Rappelons qu’avant que Rona ne décide de fermer la bannière Marcil, Lowe’s avait dit formellement que les magasins Marcil avaient un potentiel de croissance au Québec et ailleurs au Canada. « Marcil est une enseigne qui a un rôle dans le marché de la quincaillerie au Québec. C’est une proposition qui pourrait être intéressante dans les autres provinces du pays », avait indiqué Sylvain Prud’homme, l’ancien PDG de Lowe’s en 2016. Décidément, nous ne sommes plus à une volte-face près avec cette corporation.

La vie doit continuer pour les opérateurs-affiliés

Il faut le souligner, les annonces de Lowe’s font mal à beaucoup de monde, mais aussi aux commerçants affiliés qui s’accrochent et doivent couramment rassurer clients et employés. C’est le cas entre autres, de la famille Dagenais qui opère deux commerces sous la bannière Rona dans les Laurentides.

« La famille Dagenais tient à rassurer sa clientèle que ses magasins situés à Saint-Sauveur et à Ste-Anne-des-Lacs restent ouverts. Nous tenons à clarifier ce fait pour éviter toute confusion puisque Lowe’s Canada a pris la décision de fermer plusieurs magasins dont son magasin Rona corporatif situé au 180, rue Principale à St-Sauveur. », pouvait-on lire sur leur page Facebook (@ronadagenais.ca). La famille
a tenu à rappeler que leurs commerces n’allaient non seulement pas fermer, mais qu’ils étaient en pleine croissance et cherchaient même à recruter du personnel pour répondre à la demande. Voilà qui permet de mettre un peu d’onguent local sur une mauvaise nouvelle dicté par l’international.

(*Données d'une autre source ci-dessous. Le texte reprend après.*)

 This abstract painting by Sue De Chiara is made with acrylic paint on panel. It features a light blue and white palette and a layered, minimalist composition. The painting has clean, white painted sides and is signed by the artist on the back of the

La réalité, c’est que les affiliés sont des entrepreneurs indépendants qui assurent la gestion quotidienne de leurs commerces à bout de bras, ce qui n’a rien à voir avec la mission d’un siège social – les véritables experts des besoins de la clientèle et des produits… ce sont eux, les gens de terrain.

Un avenir turbulent

En toute lucidité, je vois mal comment le modèle Rona pourra survivre tel qu’il est aujourd’hui. La désaffiliation à la bannière risque de se poursuivre, car tôt ou tard, la question des « rabais-volume » incluse dans l’offre d’achat de produits à grande échelle ne suffira plus à retenir les opérateur-affiliés. Notons que plusieurs feraient de très bonnes affaires même sans cette entente, et il y a de nombreux cas probants, dont Lortie & Martin de Ste-Agathe des Monts. Rappelons que le quincaillier en affaires depuis 1950 avait délaissé la bannière Rona pour faire cavalier seul, au grand plaisir de la clientèle.

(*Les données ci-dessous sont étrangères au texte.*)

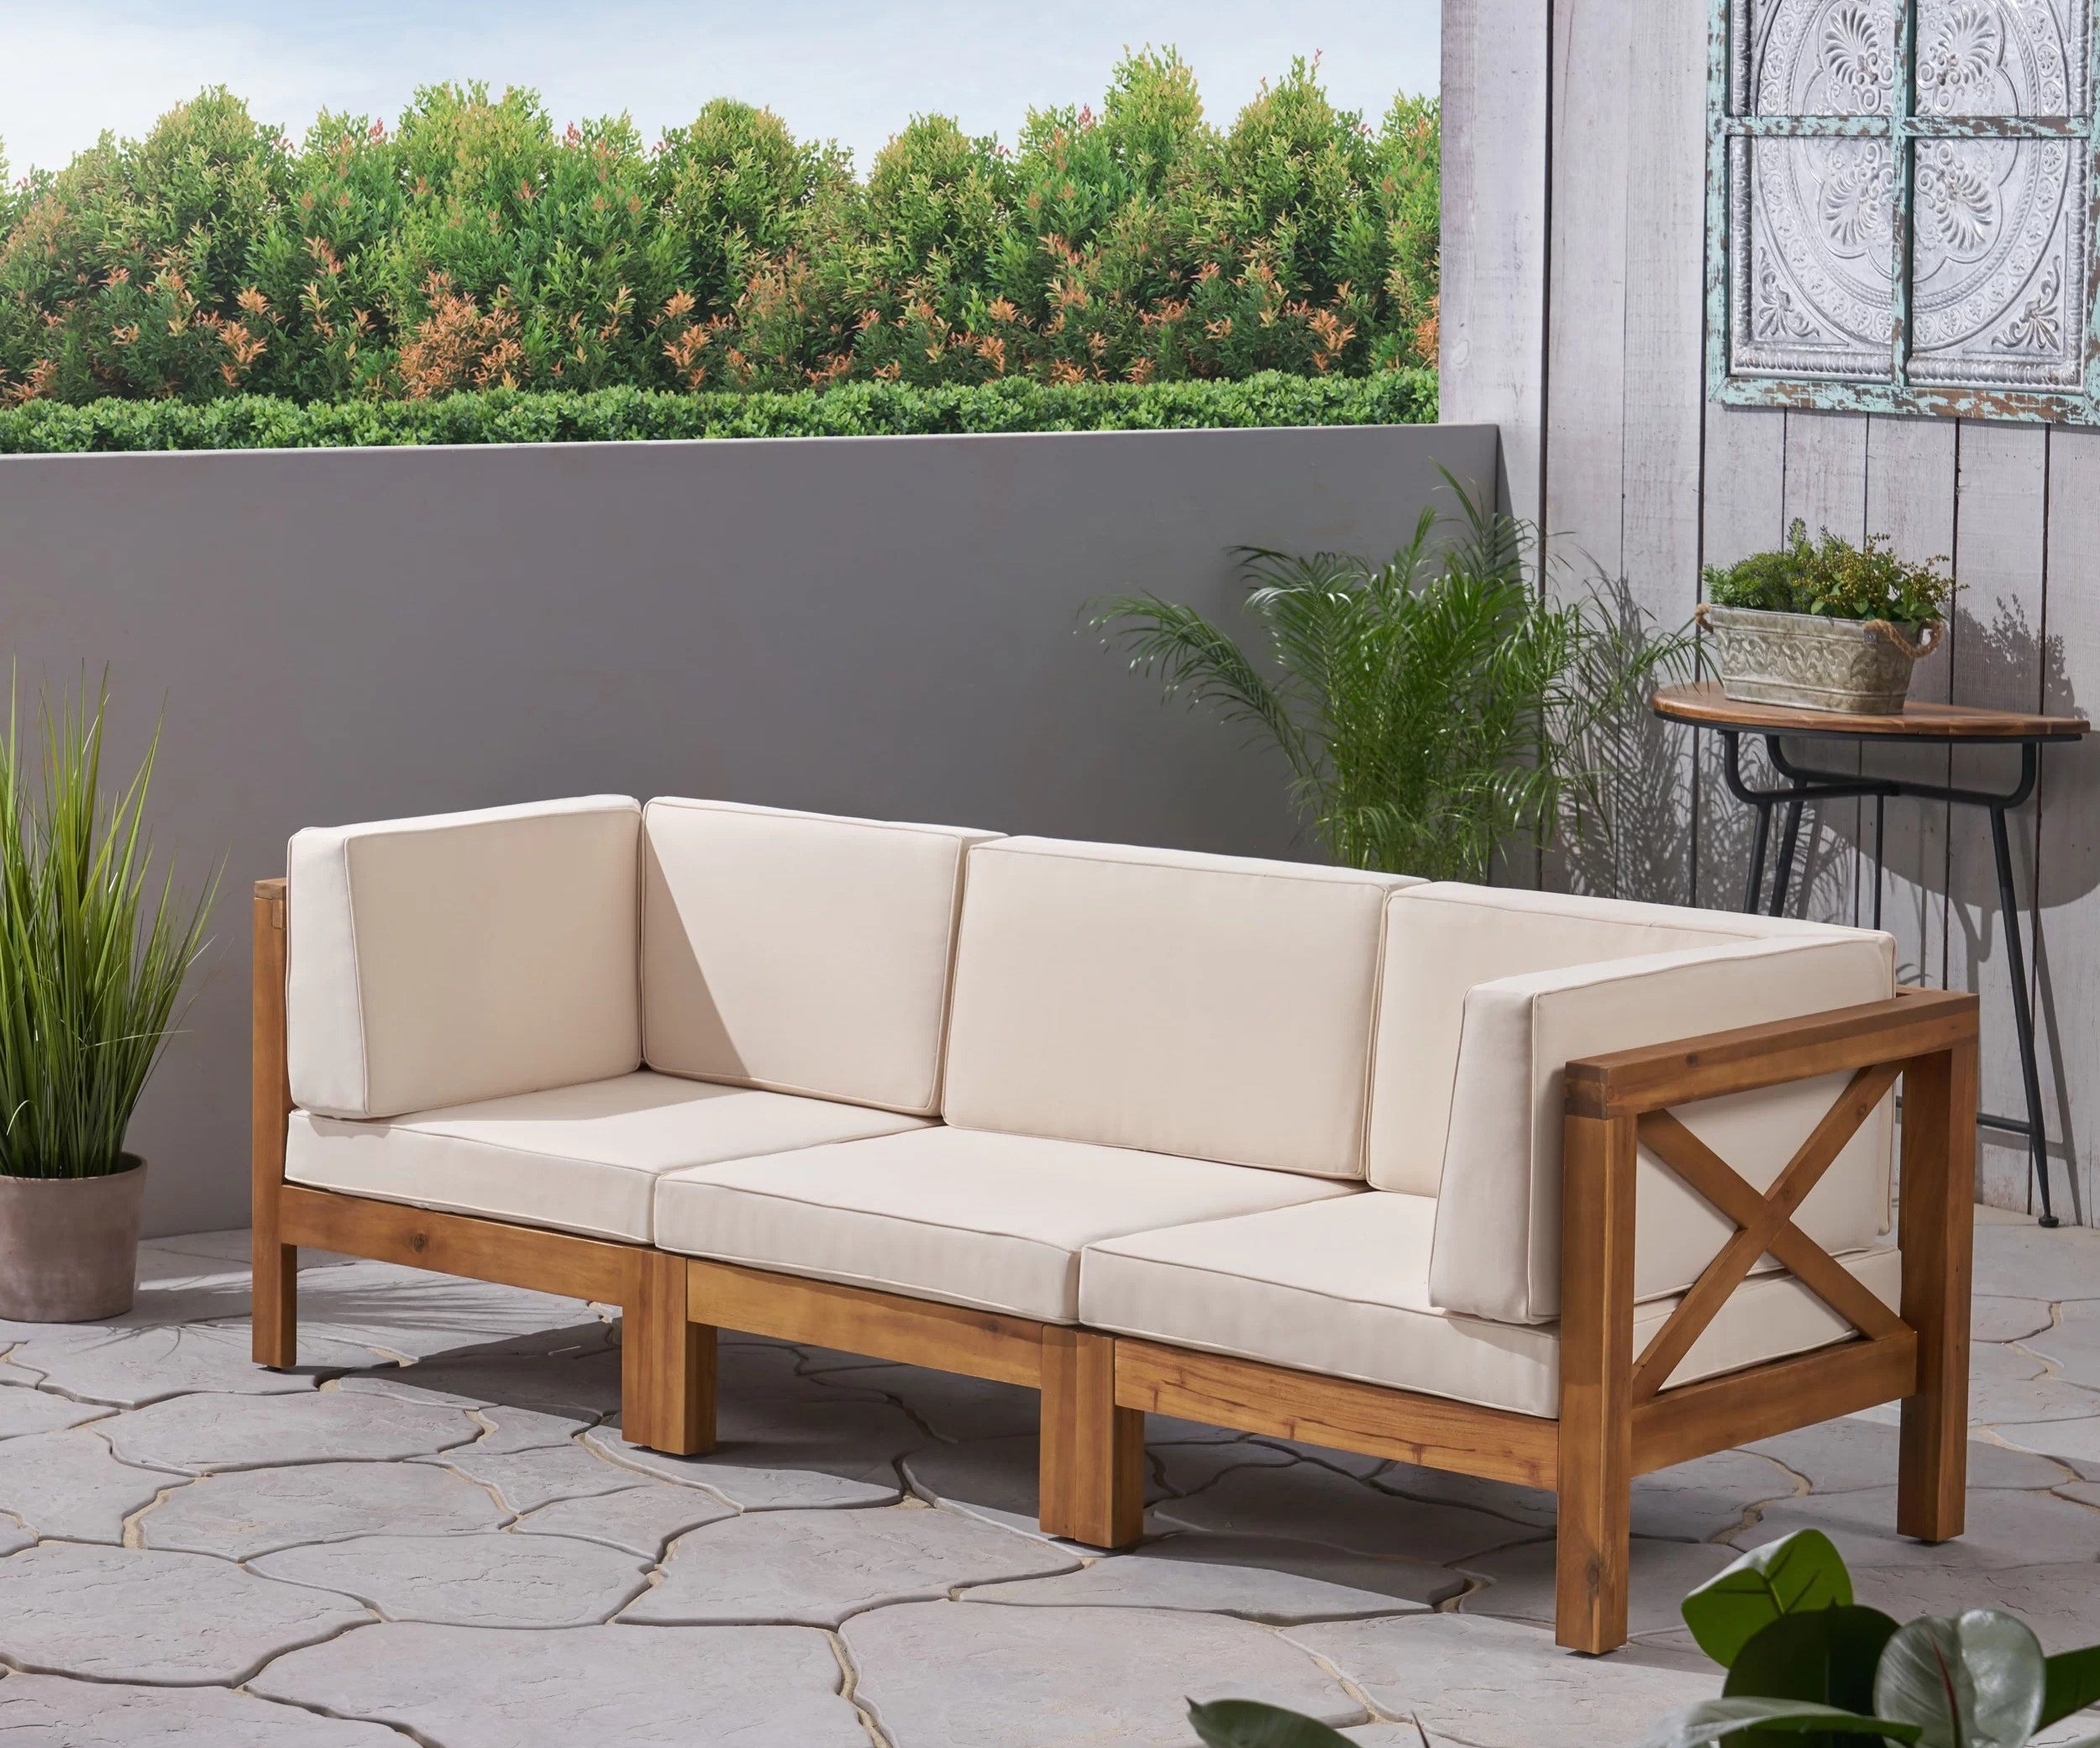 A wood sofa with beige cushions is shown on a patio

Certains autres pourraient décider d’opter pour une stratégie différente, comme celle de joindre une bannière concurrente, comme ça été le cas de la famille Riopel de Sainte-Adèle, dont l’enviable réputation n’est plus à faire. La famille a décidé l’an dernier de délaisser Rona et de s’affilier à Home Hardware, un étendard qui leur permettait de se rapprocher davantage des besoins de leurs clients, et une marque qui au final, était plus près de leurs valeurs de proximité et de service.

Pour le reste… La compétition continuera vraisemblablement de gagner du terrain et de faire mal à l’entreprise américaine. À preuve, notons qu’au début de l’année, Lowe’s avait déjà dévalué son entreprise et radié des actifs de 1,6 milliard $ US, dont 1,2 milliard $ CA liés à la perte de valeur de sa branche canadienne, principalement à cause des piètres performances de Rona et Réno-Dépôt.

Malheureusement, des sources bien placées m’ont informé que d’autres fermetures étaient à l’agenda, et que tout compte fait, la situation irait de mal en pis avant de possiblement se replacer. Je vous le donne en mille : il y aura du pain sur la planche avant de revenir à la base de la proposition de valeur de messieurs Rolland Dansereau et Napoléon Piotte.